Metasurfaces that achieve full control of light properties, such as phases, amplitudes, and polarization states, have been demonstrated. As two-dimensional optical devices consisting of sub-wavelength nanostructures, metasurfaces are suitable for the design of integrated systems. Today, metasurfaces have been used in many different types of functional optical devices, such as optical displays, orbital angular momentum devices, beam splitters, meta-holography elements, and light-field imaging.


To realize integrated and compact designs, metasurface elements have been used in polarization and multispectral optical systems. However, there remains a lack of metalens devices that can achieve both spectra- and polarization-resolved functionalities simultaneously while keeping a good imaging performance with a large numerical aperture (NA). On the technical side, although at least three projections are required to determine the polarization state, the longitude of the Poincare sphere (also expressed as polarization ellipticity) can also reflect abundant information of the scene.

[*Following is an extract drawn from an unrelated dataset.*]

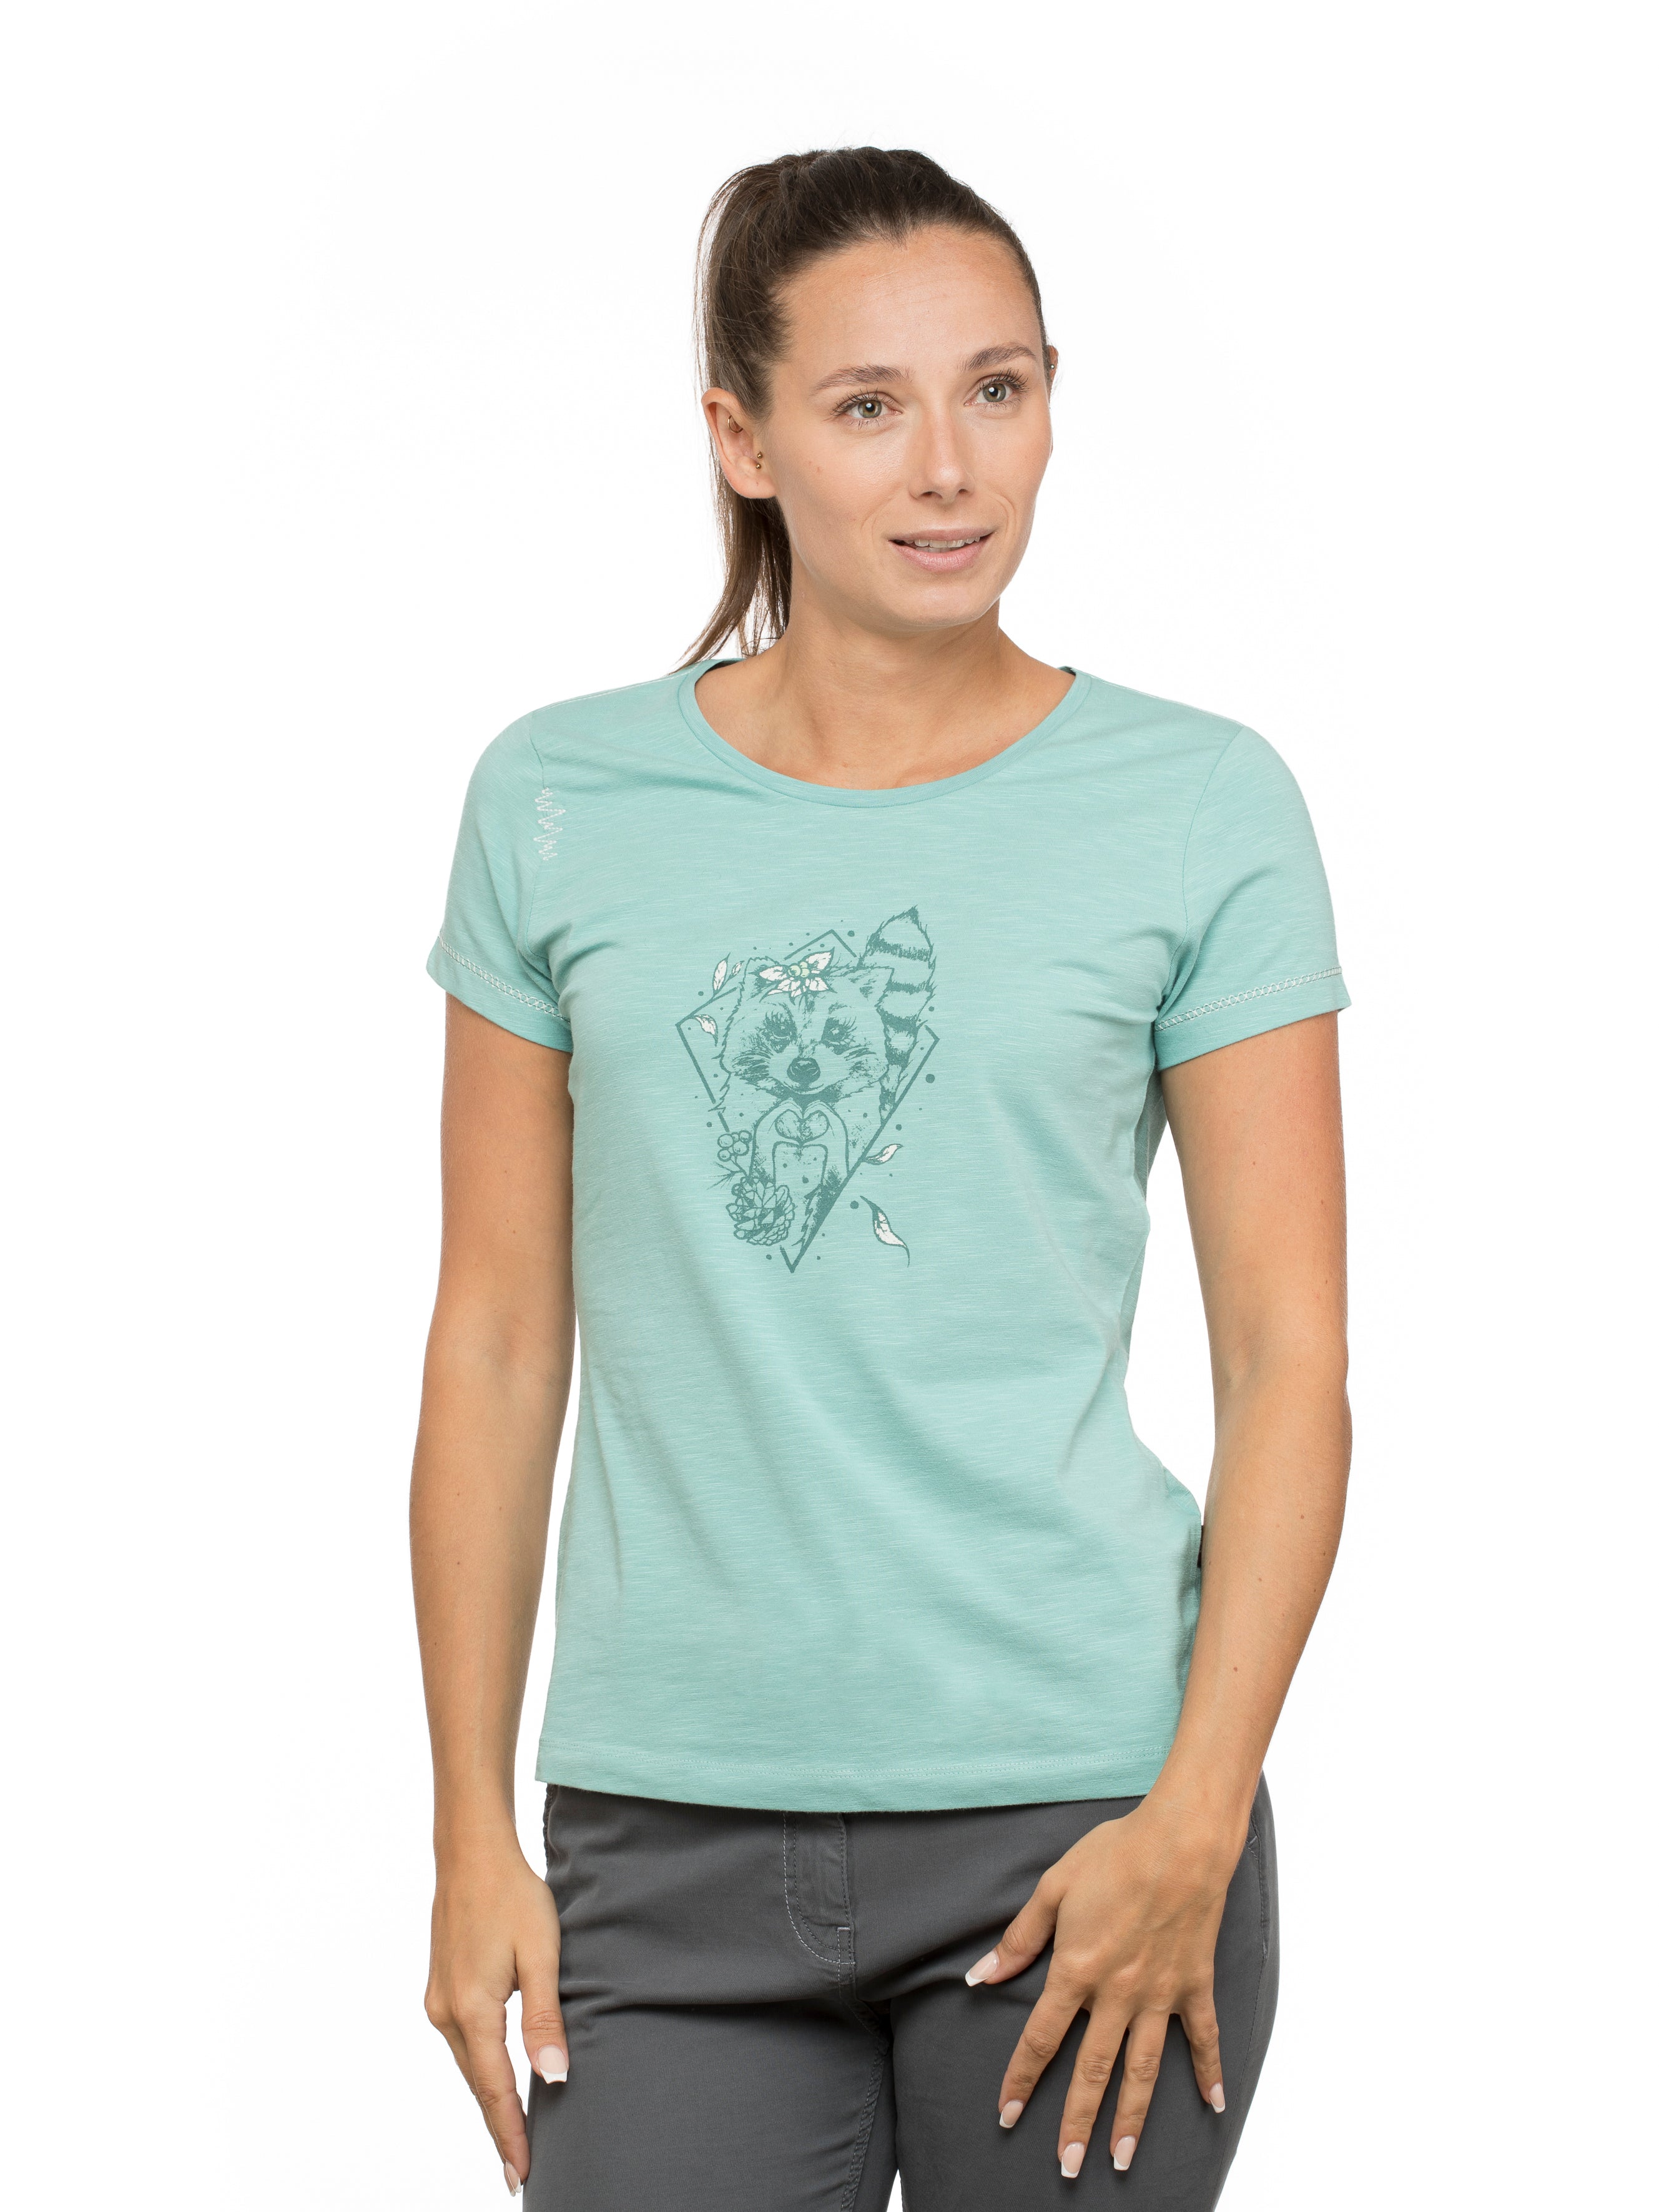 Chillaz Gandia Little Bear Heart Woman T-Shirt
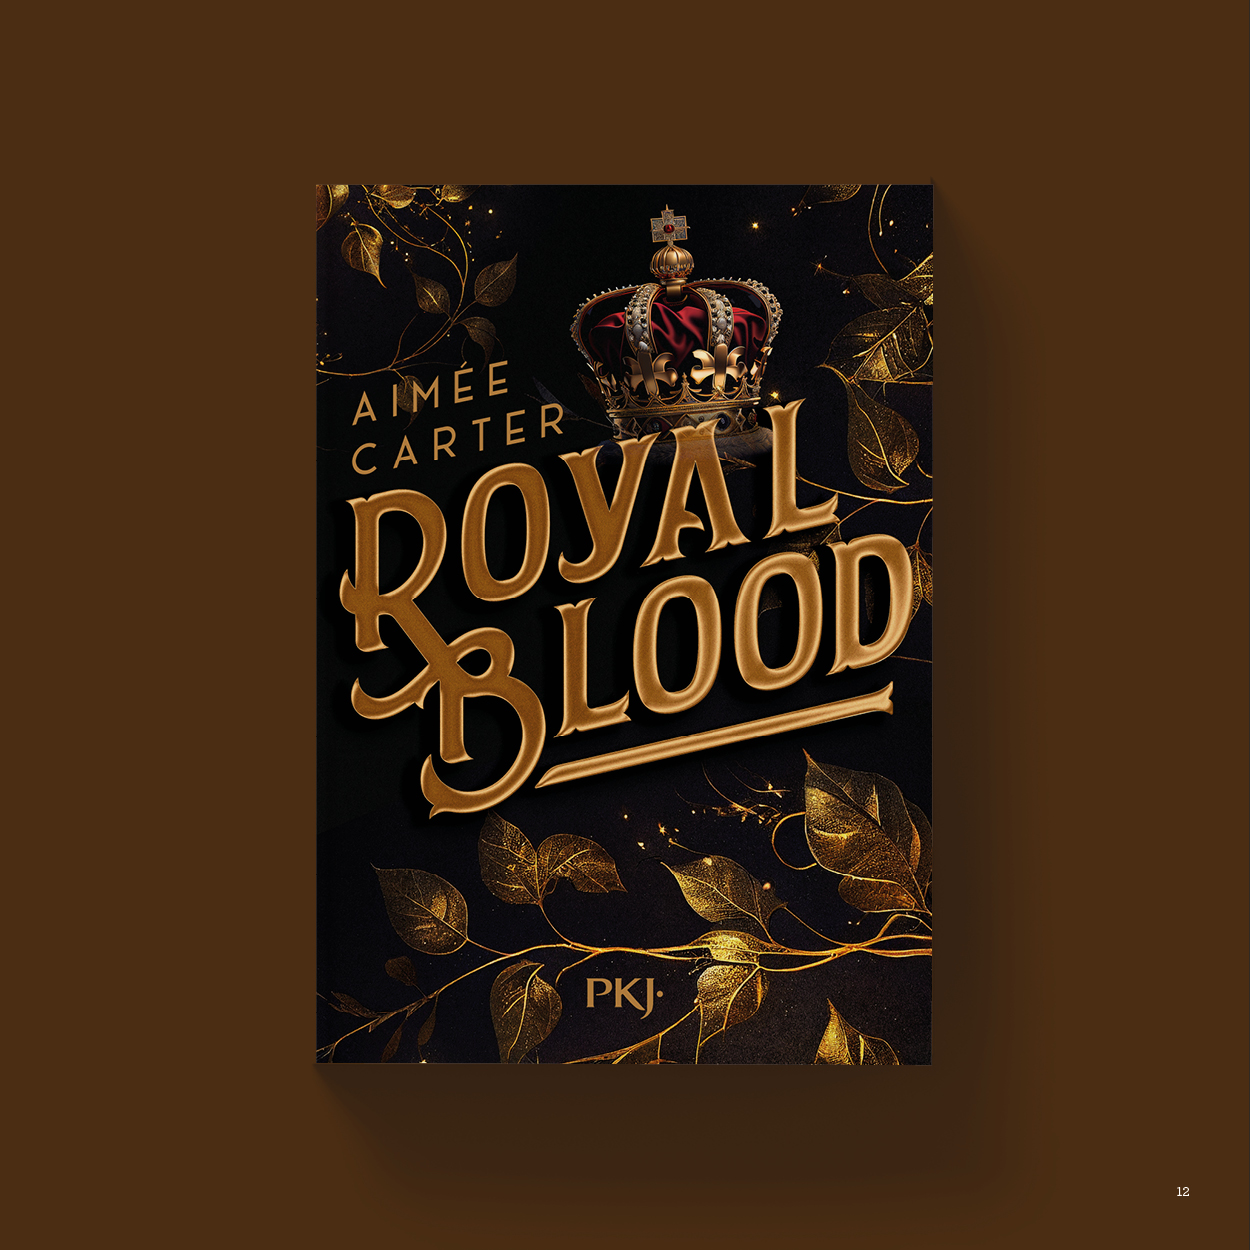 Vue_Royal_blood_12

The research groups of Prof. Wei Xiong, Prof. Jinsong Xia, and Prof. Hui Gao from Huazhong University of Science and Technology proposed a spectra- and polarization ellipticity resolved multi-foci metalens (SPMM) methodology to realize the spectra- and polarization ellipticity resolved imaging without the requirement of any moving parts or bulky spectral and polarization optics.


Unlike previously demonstrated common multispectral or polarization imaging systems, the SPMM can collect the desired optical information by only a single shot due to its twelve spectra- and polarization-dependent images at different locations, which simplifies the process of collecting optical information. In this SPMM design, the positions and intensities of foci/images on the focal/imaging plane can be changed by tuning the polarization ellipticity and/or spectra of incident light beams. Therefore, the as-developed SPMM device possesses both detection and reconstruction abilities of specific polarization ellipticity and discrete wavelengths (or spectral bands) while keeping normal functions of metalens such as focusing and imaging. And the SPMM has a sharing aperture design which possesses superior imaging performance due to the larger NA than that of the as-reported micro-metalens array design with the same fabrication size and focal length. Experimental demonstrations of the SPMM are performed with both coherent and incoherent light to prove its general applicability.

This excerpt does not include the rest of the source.